When adding the egg mixture back to the soup, patience is everything. Keep the heat low, and stir gently but consistently. If you notice any signs of scrambling, remove the pot from heat immediately and whisk vigorously to smooth it out.
Another tip: don’t rush cooking the orzo or rice. Undercooked grains can ruin the mouthfeel, while overcooked ones may turn mushy. I usually taste test a minute or two before the recommended time to hit that perfect al dente spot.
Timing-wise, prepping ingredients while the broth heats up saves a lot of time. You can shred leftover chicken or mince garlic while waiting on the broth to boil. I’ve learned that multitasking like this keeps the process smooth and stress-free.
Finally, seasoning is key. The lemon brightens but doesn’t overpower if balanced well with salt and pepper. Taste as you go, especially after adding the avgolemono mixture, since the flavor can subtly shift.
Variations & Adaptations
- Gluten-Free: Swap orzo for white rice or quinoa to keep it gluten-free without losing texture.

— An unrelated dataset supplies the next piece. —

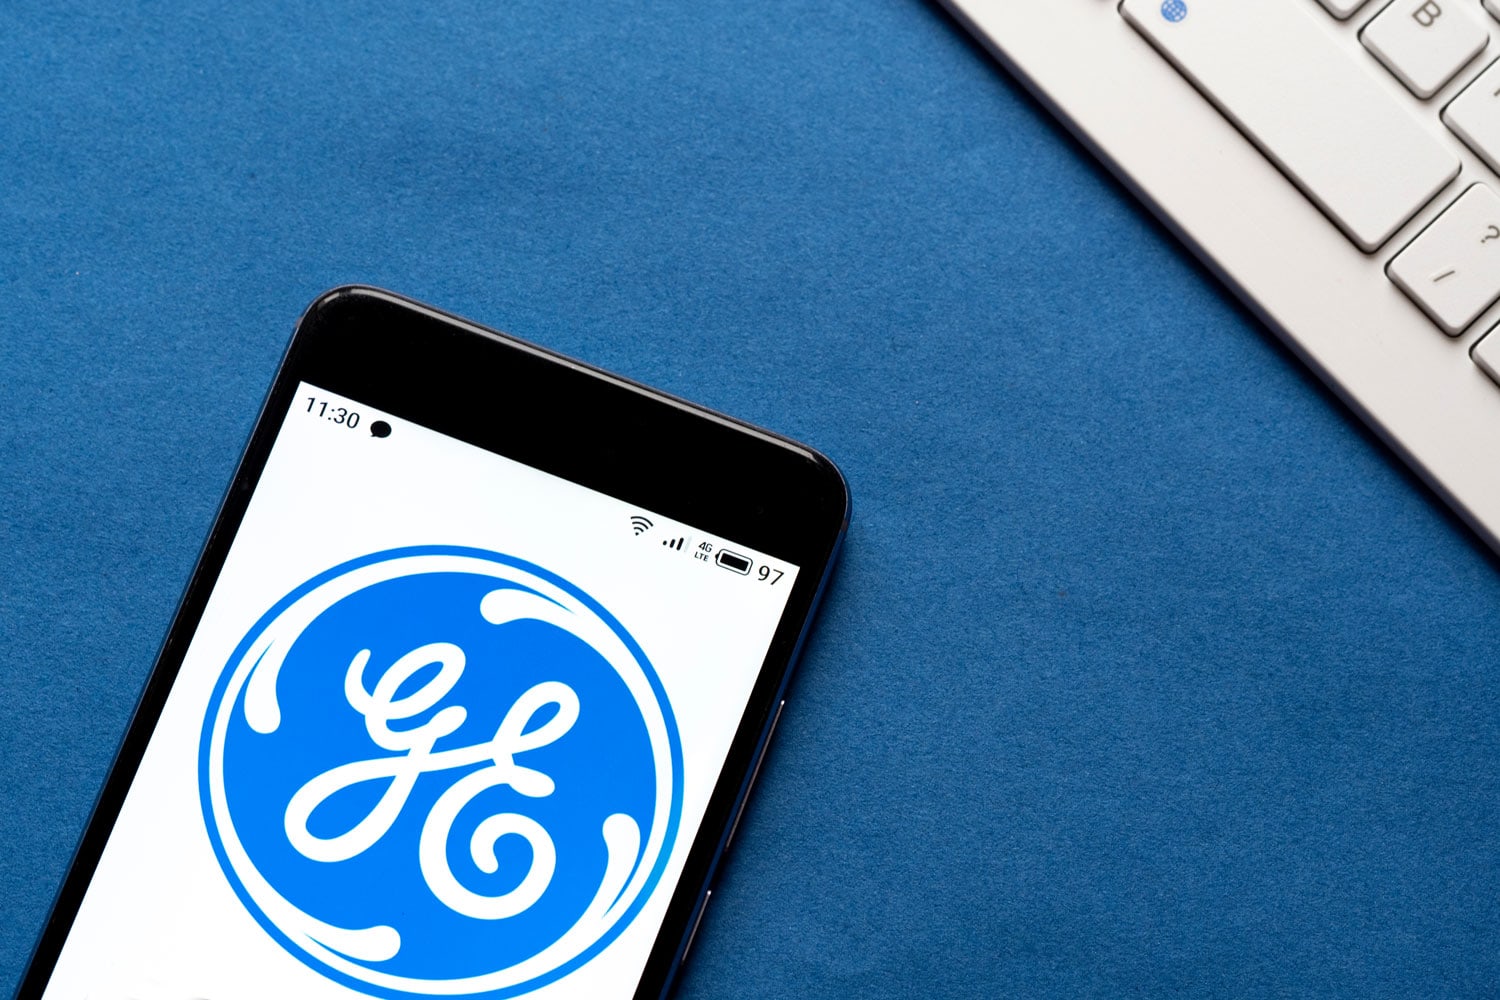 Launching General Electric app

- Vegetarian Version: Use vegetable broth and omit chicken. Add sautéed mushrooms or chickpeas for protein and heartiness.
- Herb Twist: Try fresh oregano or mint instead of dill for a slightly different, refreshing herbal note.
- Spicy Kick: Add a pinch of red pepper flakes or a small diced chili for warmth and depth.
- Low-Carb: Replace orzo with riced cauliflower or spiralized zucchini for a lighter, keto-friendly option.
Personally, I once tried adding a dollop of Greek yogurt on top instead of stirring it in—it gave the soup an extra creamy tang and made a lovely presentation. Feel free to experiment with what you have; avgolemono is forgiving and adapts well.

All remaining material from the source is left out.